* [ABOUT THIS TASK]:
Print the data that follows exactly as it stands, from its first line through the line containing "Ladies Clarks Un", and stop there.

Segment Start: DATA FOR THIS TASK

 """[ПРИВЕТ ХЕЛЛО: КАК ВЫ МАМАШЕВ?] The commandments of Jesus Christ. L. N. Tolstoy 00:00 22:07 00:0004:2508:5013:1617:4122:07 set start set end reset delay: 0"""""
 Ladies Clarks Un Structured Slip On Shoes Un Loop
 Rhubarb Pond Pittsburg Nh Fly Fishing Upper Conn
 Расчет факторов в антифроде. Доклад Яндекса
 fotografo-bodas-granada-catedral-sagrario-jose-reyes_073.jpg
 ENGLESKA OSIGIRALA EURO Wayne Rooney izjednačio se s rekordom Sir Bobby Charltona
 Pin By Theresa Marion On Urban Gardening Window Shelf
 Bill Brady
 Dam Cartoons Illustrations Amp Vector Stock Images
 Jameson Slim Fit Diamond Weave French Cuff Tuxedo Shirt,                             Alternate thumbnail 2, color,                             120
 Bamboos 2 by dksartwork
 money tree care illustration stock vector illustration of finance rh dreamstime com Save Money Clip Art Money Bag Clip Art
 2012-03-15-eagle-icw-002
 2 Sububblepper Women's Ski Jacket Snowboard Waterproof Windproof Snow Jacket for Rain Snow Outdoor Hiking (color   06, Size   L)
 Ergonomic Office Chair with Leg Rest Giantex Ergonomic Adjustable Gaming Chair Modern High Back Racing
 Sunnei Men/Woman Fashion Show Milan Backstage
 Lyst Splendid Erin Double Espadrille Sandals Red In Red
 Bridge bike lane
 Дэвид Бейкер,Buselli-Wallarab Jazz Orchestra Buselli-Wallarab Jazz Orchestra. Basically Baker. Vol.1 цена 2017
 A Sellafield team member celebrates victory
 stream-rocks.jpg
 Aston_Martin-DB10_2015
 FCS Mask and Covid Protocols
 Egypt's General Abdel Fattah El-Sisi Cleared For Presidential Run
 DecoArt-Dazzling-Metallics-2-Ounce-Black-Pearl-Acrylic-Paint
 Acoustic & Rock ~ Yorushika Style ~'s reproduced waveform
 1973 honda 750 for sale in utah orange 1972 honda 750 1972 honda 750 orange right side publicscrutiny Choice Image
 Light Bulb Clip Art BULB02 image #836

Segment End: DATA FOR THIS TASK

* [ANSWER BELOW]:
 """[ПРИВЕТ ХЕЛЛО: КАК ВЫ МАМАШЕВ?] The commandments of Jesus Christ. L. N. Tolstoy 00:00 22:07 00:0004:2508:5013:1617:4122:07 set start set end reset delay: 0"""""
 Ladies Clarks Un Structured Slip On Shoes Un Loop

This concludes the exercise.